3

I initially implemented the Hoey-Shamos algorithm, however it is too complex for future maintainability (I have no say in this), and it wasn't reporting correctly, so an optimized brute force algorithm is what I'm going to use.

My question is: How can I optimize this code to be usable?

As it stands, my code contains a nested for loop, iterating the same list twice.

EDIT: Turned lines into a HashSet and used two foreach loops... shaved about 45 seconds off scanning 10,000. It's still not enough.

foreach (Line2D g in lines)
{                   
foreach (Line2D h in lines)
{
    if (g.intersectsLine(h))
    {
        return false;
    }
}                  

 } // end 'lines' for each loop

If I force my "intersectsLine()" method to return false (for testing purposes) it still takes 8 seconds to scan 10,000 records (I have 700,000 records).
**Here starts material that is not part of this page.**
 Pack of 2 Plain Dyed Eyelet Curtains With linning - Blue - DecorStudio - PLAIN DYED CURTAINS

This is too long, so I need to optimize this piece of code.

I tried removing lines from the List after it's been compared to all the other lines, however there's an accuracy issue (no idea why) and the speed increase is barely noticeable.
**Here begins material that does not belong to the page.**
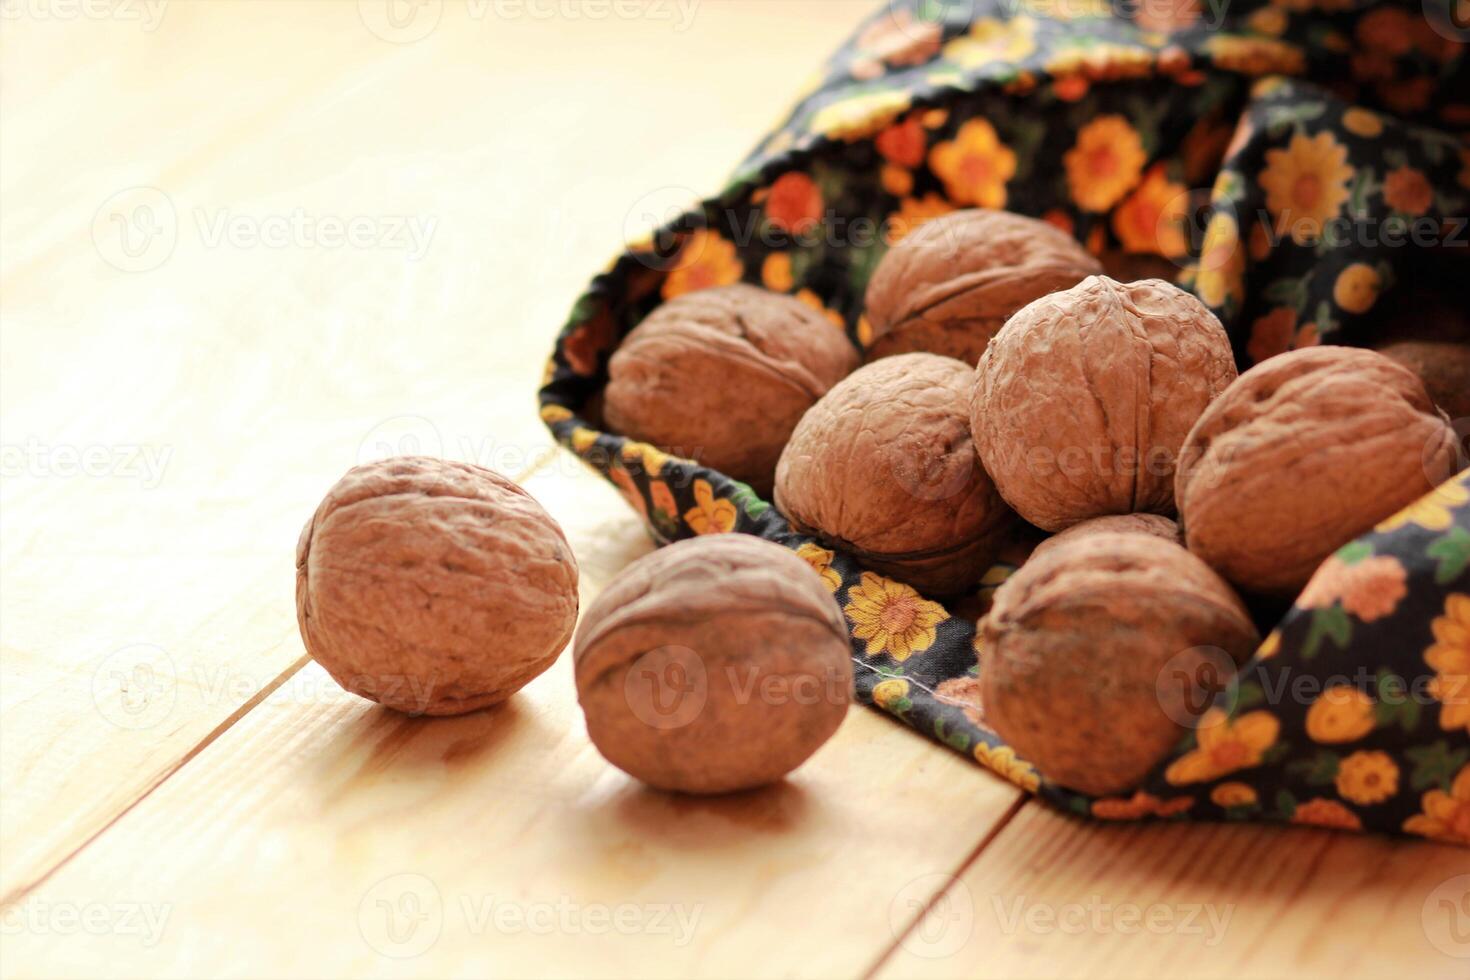 Walnuts scattered from floral pattern bag on sunlit light brown wooden floor photo

Here is my intersectsLine method. I found an alternate approach here but it looks like it'd be slower with all the method calls and whatnot. Calculating the slope doesn't seem to me like it'd take too much computing (Correct me if I'm wrong?)
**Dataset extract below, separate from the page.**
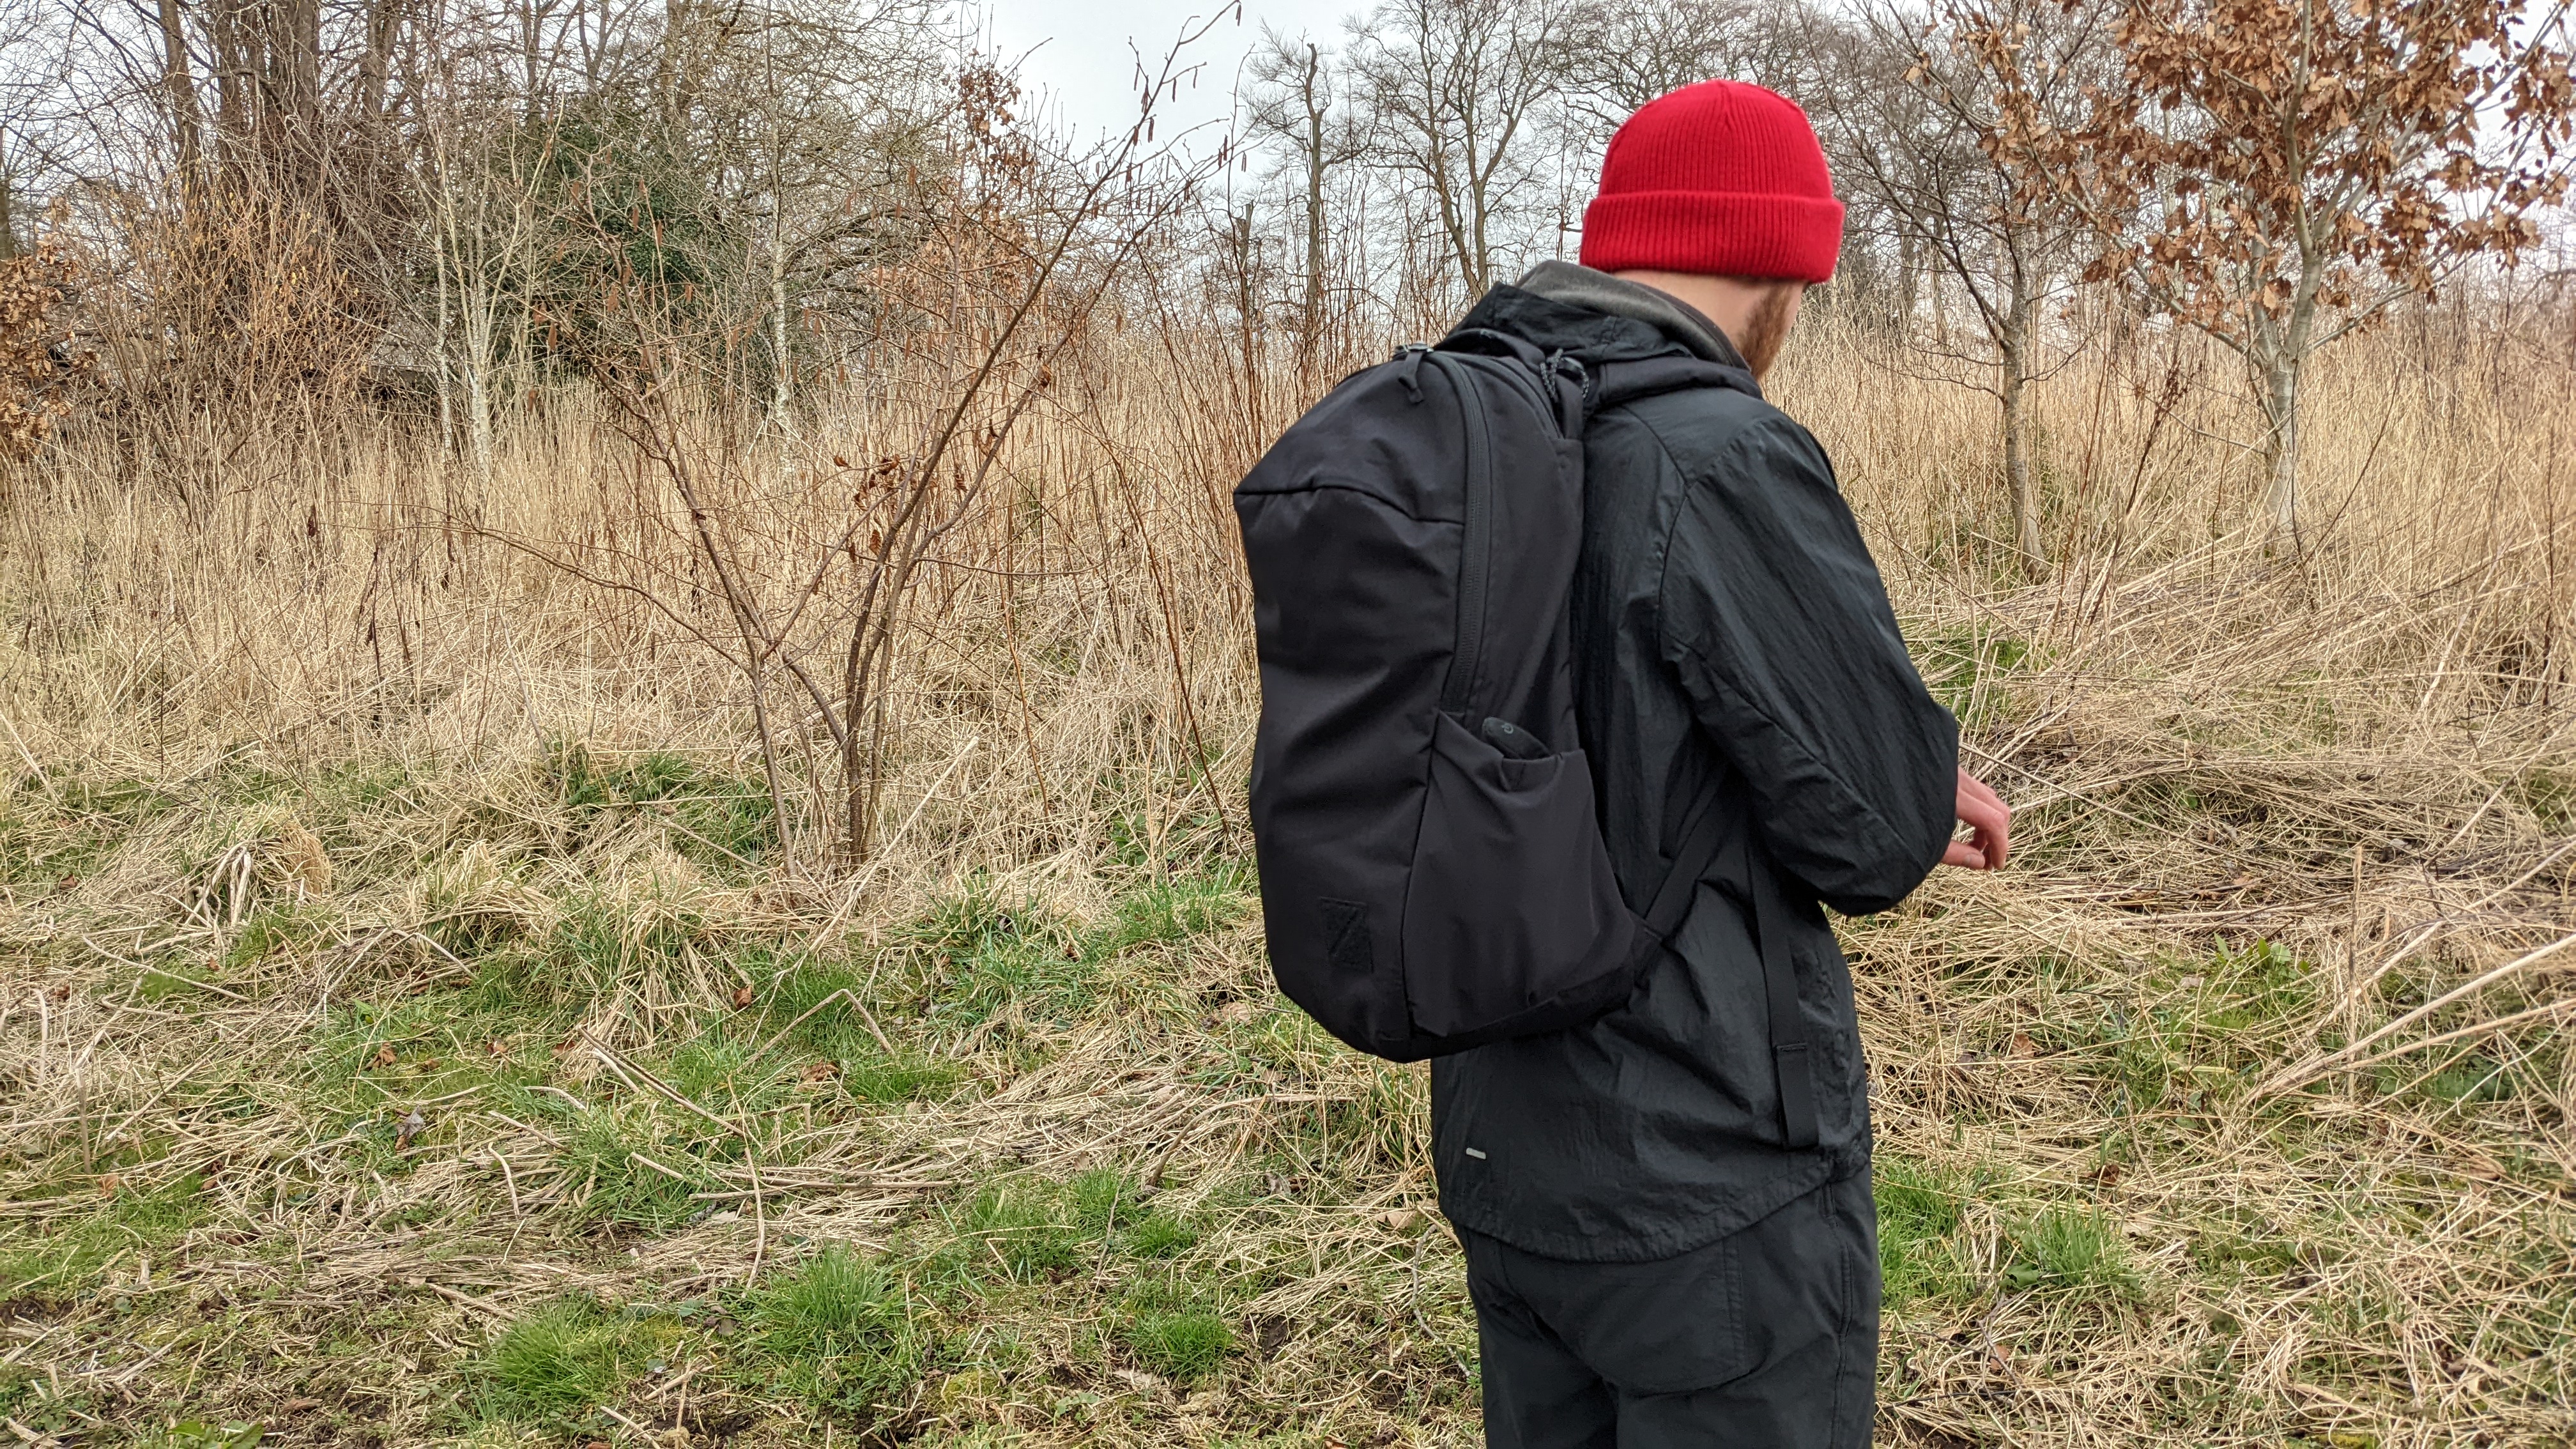 Evergoods Civic Half Zip 26: Review - The Perfect Pack

public bool intersectsLine(Line2D comparedLine)
{

//tweakLine(comparedLine);
if (this.Equals(comparedLine) ||
    P2.Equals(comparedLine.P1) ||
    P1.Equals(comparedLine.P2))
{
    return false;
}

double firstLineSlopeX, firstLineSlopeY, secondLineSlopeX, secondLineSlopeY;

firstLineSlopeX = X2 - X1;
firstLineSlopeY = Y2 - Y1;

secondLineSlopeX = comparedLine.X2 - comparedLine.X1;
secondLineSlopeY = comparedLine.Y2 - comparedLine.Y1;

double s, t;
s = (-firstLineSlopeY * (X1 - comparedLine.X1) + firstLineSlopeX * (Y1 - comparedLine.Y1)) / (-secondLineSlopeX * firstLineSlopeY + firstLineSlopeX * secondLineSlopeY);
t = (secondLineSlopeX * (Y1 - comparedLine.Y1) - secondLineSlopeY * (X1 - comparedLine.X1)) / (-secondLineSlopeX * firstLineSlopeY + firstLineSlopeX * secondLineSlopeY);

if (s >= 0 && s <= 1 && t >= 0 && t <= 1)
{
    //console.WriteLine("s = {0}, t = {1}", s, t);
    //console.WriteLine("this: " + this);
    //console.WriteLine("other: " + comparedLine);
    return true;
}

return false; // No collision */

}

EDIT: The major bottleneck is the big polygons! I excluded running polygons with more than 100 lines, and it ran all 700,000+ polygons in 5:10. Which is in the acceptable range! Surely there's a way to see if a polygon is worth calculating before running this code? I have access to the XMin, Xmax, YMin, and YMax properties if that helps?

Ran another test, limiting polygons to under 1000 lines each. It took a little over an hour.

I removed all limiting of polygons, and it's been running for 36 hours now... still no results.

A couple ideas I have:

-When I generate my lines hashset, have another hashset/List that has candidates for intersection. I would only add lines to this list if there's a chance for intersection. But how do I eliminate/add possibilities? If there's only three lines that could possibly intersect with others, I'd be comparing 4000 lines against 3 instead of 4000. This alone could make a HUGE difference.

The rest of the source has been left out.